» PROVIDED DATA
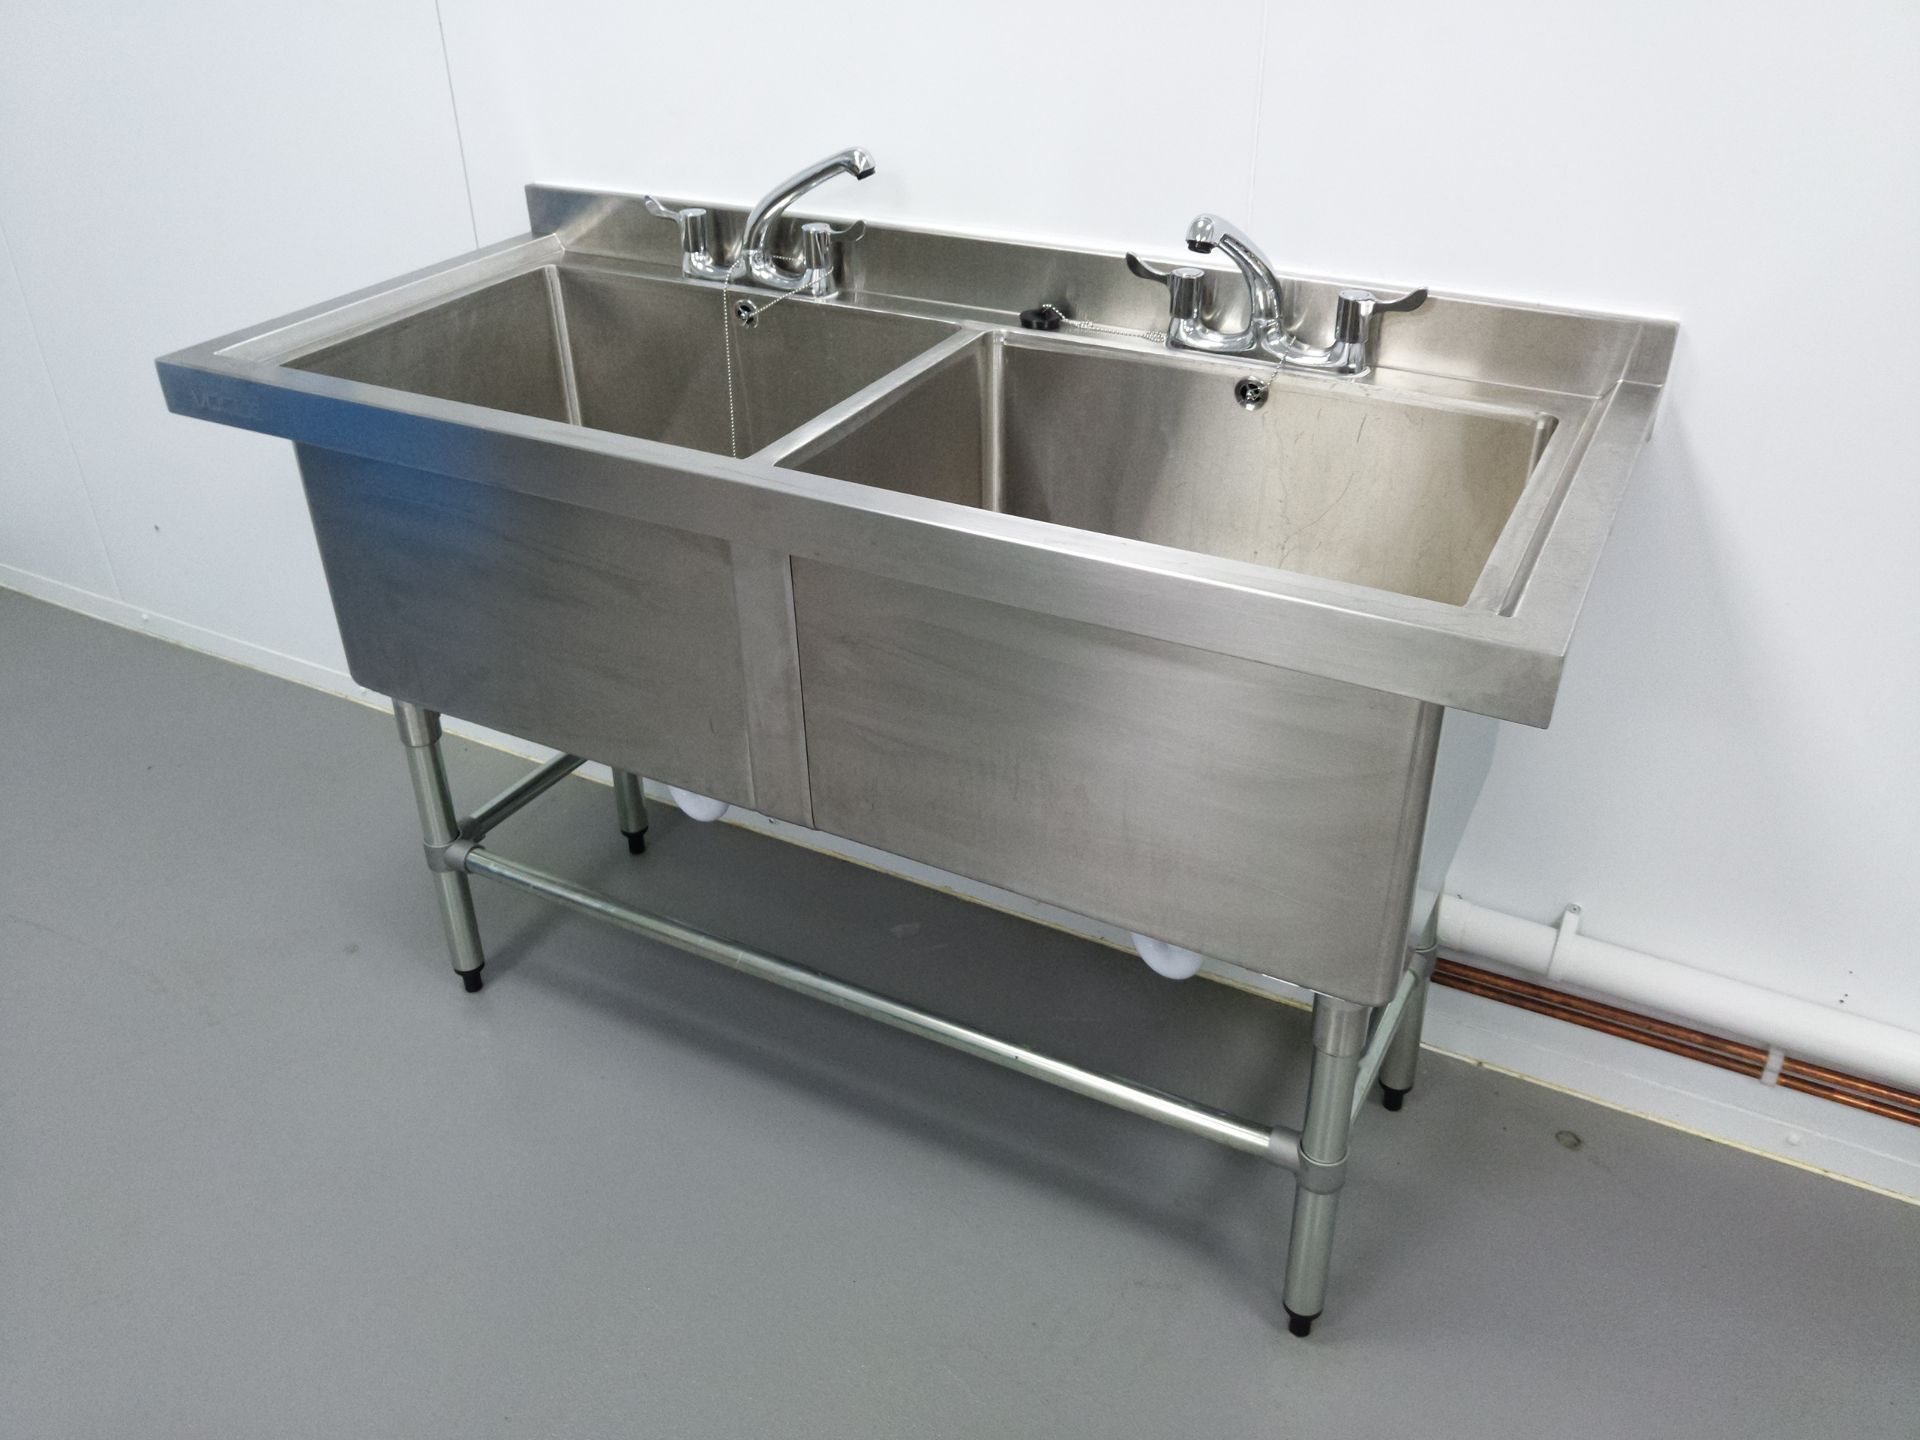 Vogue Stainless Steel Double Deep Pot Sink with Taps - Image 2 of 2
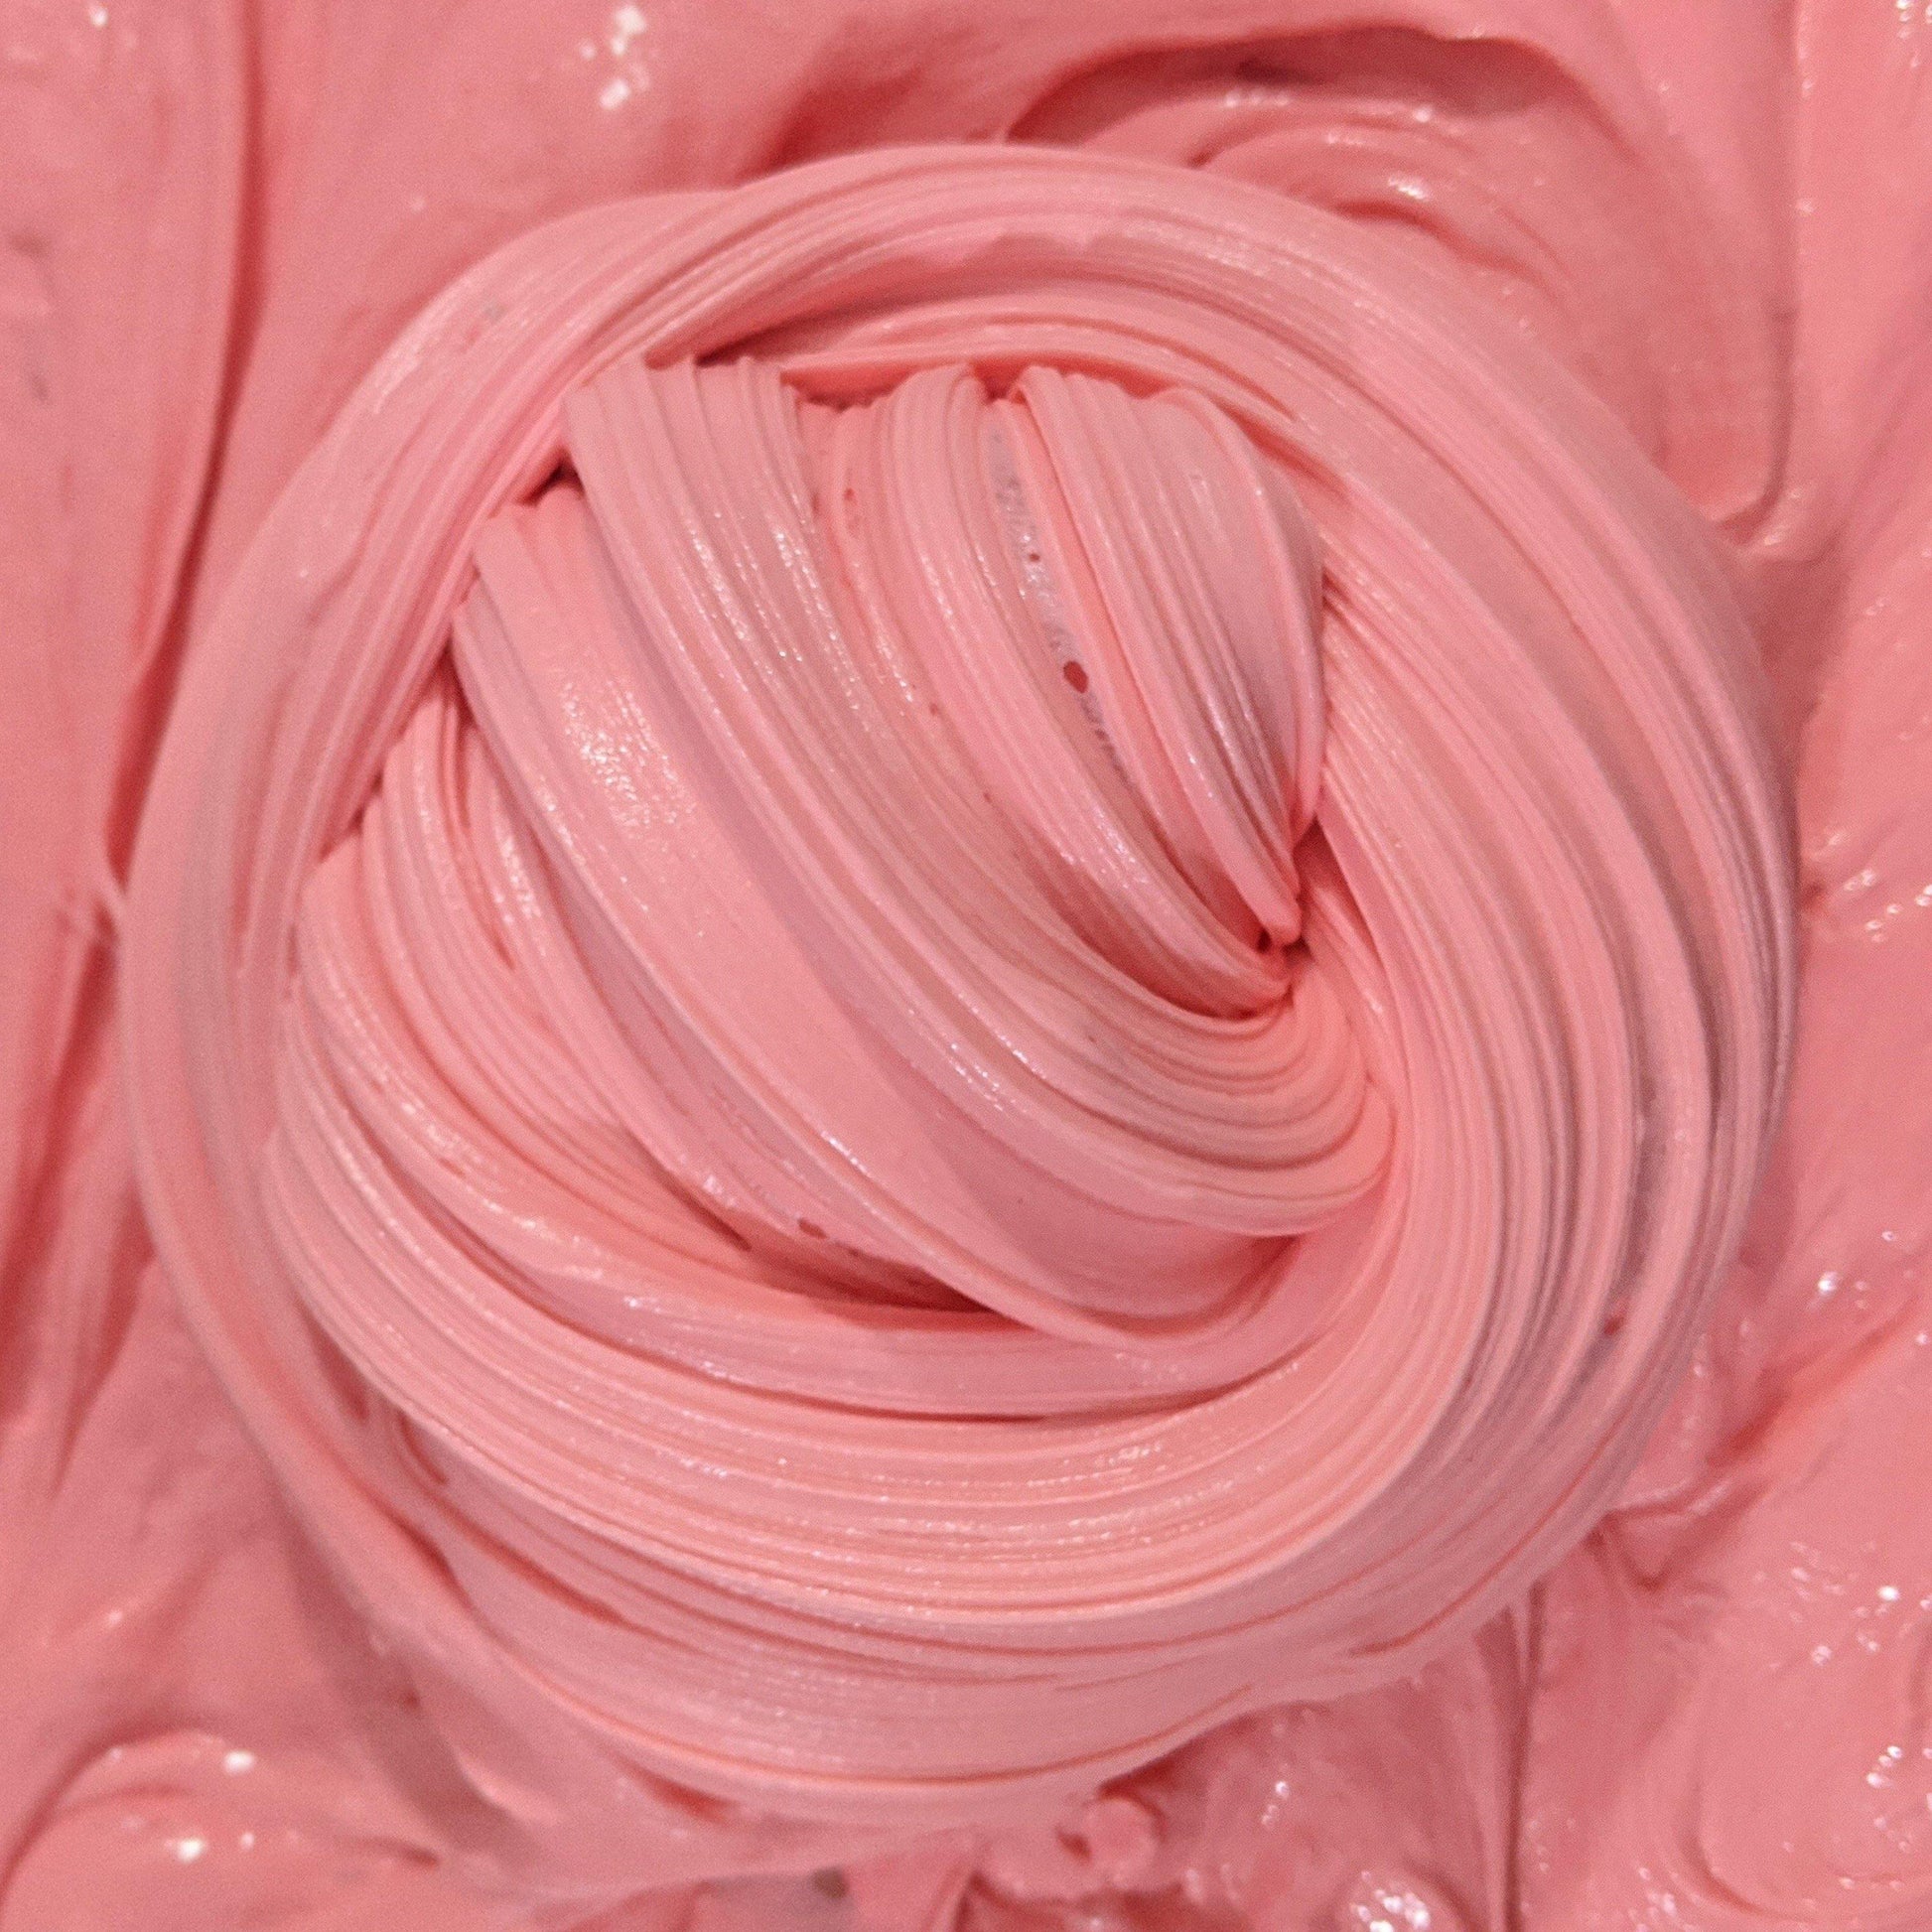 Strawberry scented butter slime - lil Shizz
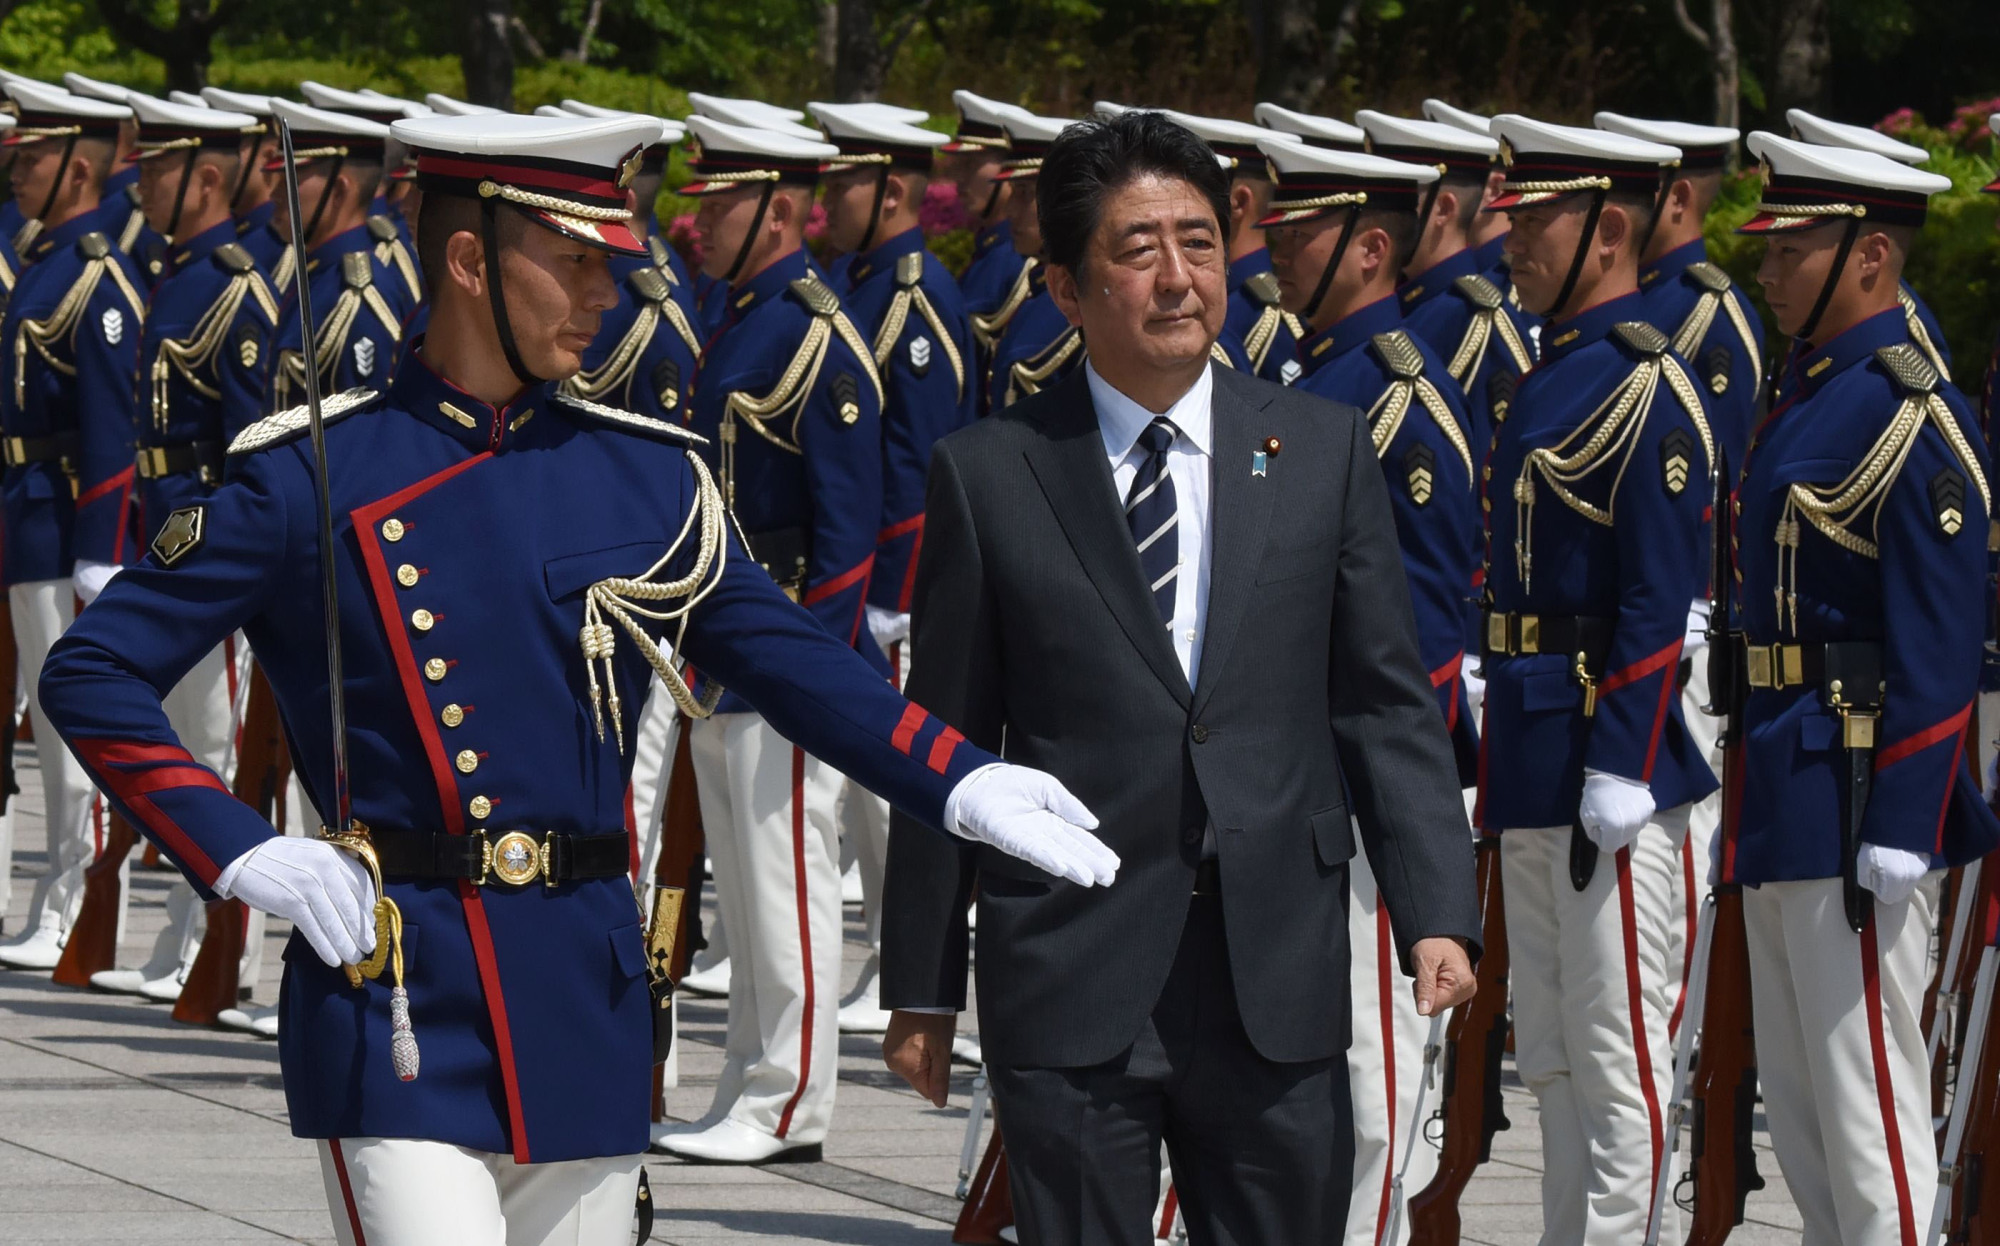 Prime Minister Shinzo Abe, shown reviewing an honor guard at a Tuesday ceremony to mark the return of SDF peacekeepers, is on an ideological mission to reshape the Japanese state. | AFP-JIJI

» EXERCISE DIRECTIONS
Would you set down each line of the data exactly, with no images included?

» THE COMPLETED TASK
 Vogue Stainless Steel Double Deep Pot Sink with Taps - Image 2 of 2
 Strawberry scented butter slime - lil Shizz
 Prime Minister Shinzo Abe, shown reviewing an honor guard at a Tuesday ceremony to mark the return of SDF peacekeepers, is on an ideological mission to reshape the Japanese state. | AFP-JIJI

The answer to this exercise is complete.